Entry into Singapore gets you mandatory quarantine, monitoring device

Anyone entering the country has to serve a 14-day stay-home order and those doing so at their place of residence will soon need to wear an electronic monitoring device, as local authorities move to ensure compliance to stem any potential COVID-19 spread.
Written by Eileen Yu, Senior Contributing Editor

Anyone entering Singapore who has to serve a 14-day stay-home quarantine will soon need to wear an electronic monitoring device, which must be activated once they arrive at their place of residence. The device taps GPS as well as cellular and Bluetooth signals to determine if the wearer is within the range of their permitted location. 

If the monitoring device is not activated as required, the relevant authorities will check on the person's location and work to resolve any technical issues or take enforcement action, whichever is needed. Non-compliance or any attempts to tamper or remove the device during the stay-home period will result in prosecution, according to a joint statement Monday by Singapore's Immigration & Checkpoints Authority, Ministry of Manpower, and Ministry of Education. 

Anyone caught breaching the order may be charged with a fine of up to SG$10,000 and/or jail term of up to six months. Foreigners also may face other administrative actions including revoking or shortening of their permits and passes to remain or work in the city-state. 

The government agencies said the move was necessary to "enhance" compliance with quarantine orders as Singapore gradually reopened its borders to international travel and, hence, reduce the risk of COVID-19 transmission by new entrants to the local community. 

The agencies have been monitoring stay-home compliance through manual and automated text messages as well as phone and video calls. Physical house visits also are made to ensure compliance. The addition of wearable monitoring devices will enable the government to monitor those serving stay-home orders more effectively as travel restrictions are lifted.

Since March 21, all incoming travellers are required to serve a 14-day stay-home notice upon entering Singapore, where they can do so either at their place of residence or dedicated facilities. They are tested for COVID-19 before the end of their stay-home notice period. 

From August 10, anyone serving their stay-home notice outside of dedicated facilities will need to wear the electronic monitoring device throughout the 14-day period. The mandate applies to all incoming travellers including citizens, work pass holders, and long-term pass holders, but excludes those aged 12 and below. Students serving their stay-home orders in hostels within educational institutions also are excluded, since they will be under close observation at such facilities. 

The monitoring devices will be issued at checkpoints after immigration clearance and must be activated once travellers reach their place of residence.
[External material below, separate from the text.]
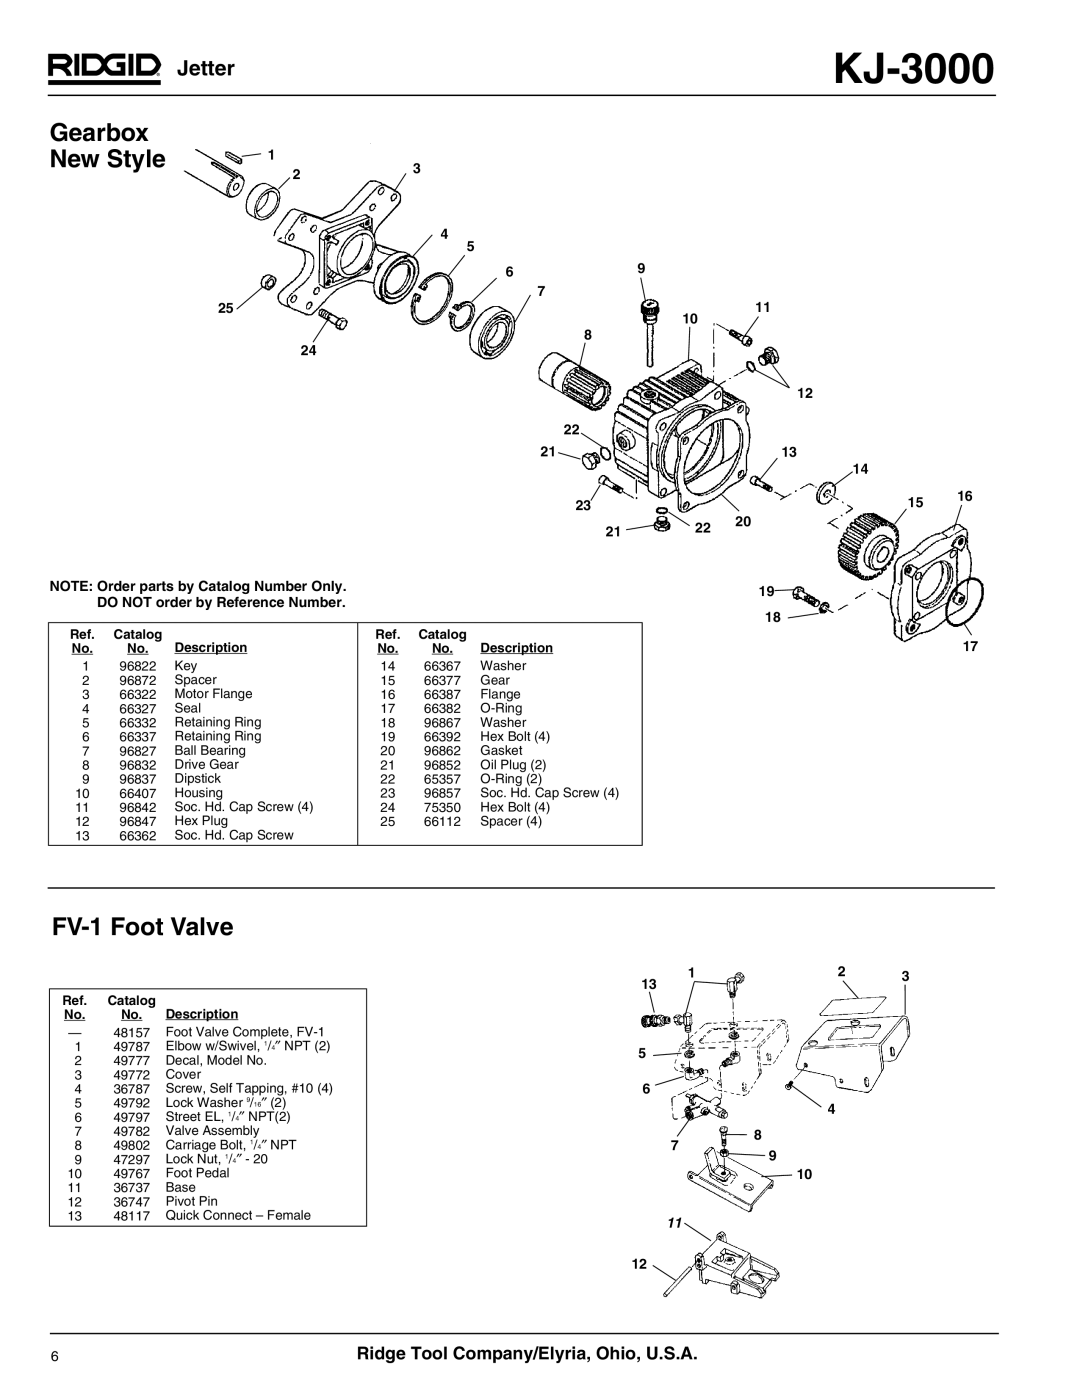 RIDGID KJ-3000 manual Gearbox New Style, FV-1Foot Valve, Jetter, Ridge Tool Company/Elyria, Ohio, U.S.A 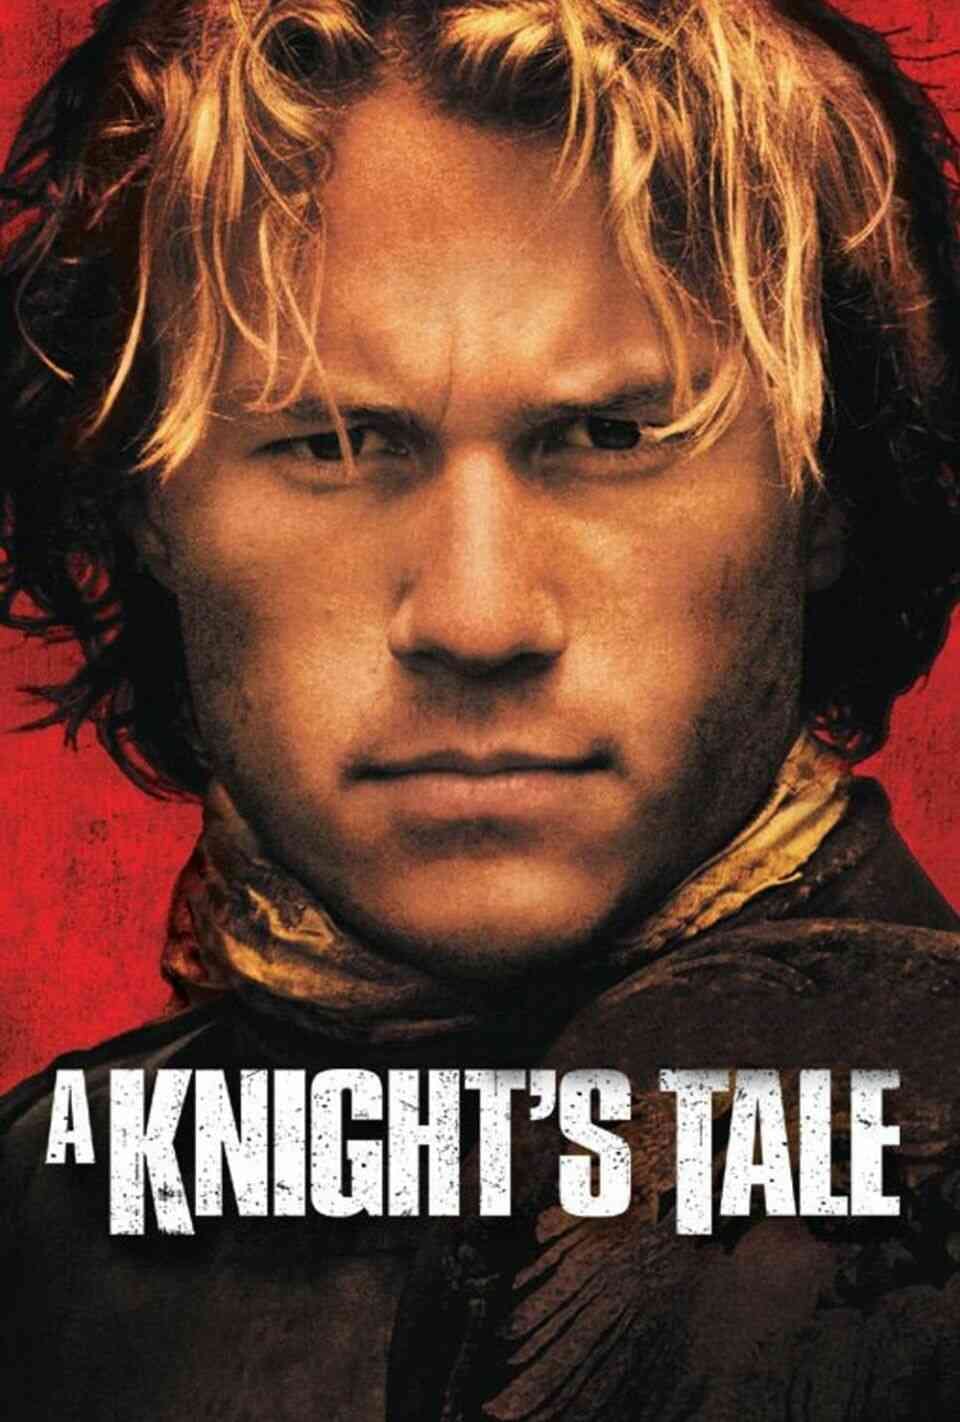 Read A Knight's Tale screenplay (poster)

According to the government agencies, the monitoring device neither stores personal data nor have voice or video recording functions. 

They said information, such as GPS and Bluetooth signal data, transmitted from the device to the authorities' backend system will be protected by "end-to-end certificate-based encryption". 

They added that authorities would abide by public sector data protection rules in managing and safeguarding personal data collected through the monitoring device, which would be accessed only by authorised agents for the purposes of monitoring and investigation. 

During the 14-day stay-home period, device wearers may receive notifications on their device and will need to acknowledge these in a "timely manner". Attempts to leave their place of residence, outside of their scheduled appointments for COVID-19 tests, or tamper with the device will trigger an alert, which is sent to the authorities for follow-up investigations. 

These monitoring devices are to be deactivated after the stay-home notice is fulfilled and disposed of or returned according to instructions provided. 

Singapore has developed an app as well as wearable devices to aid in its contact tracing efforts, but has yet to make their use mandatory. Initial news about its plans to roll out wearable devices had triggered an outcry amongst those concerned about their privacy. 

The country's COVID-19 infections in recent weeks have included imported cases, including nine today, all of whom had been placed on stay-home orders upon their arrival.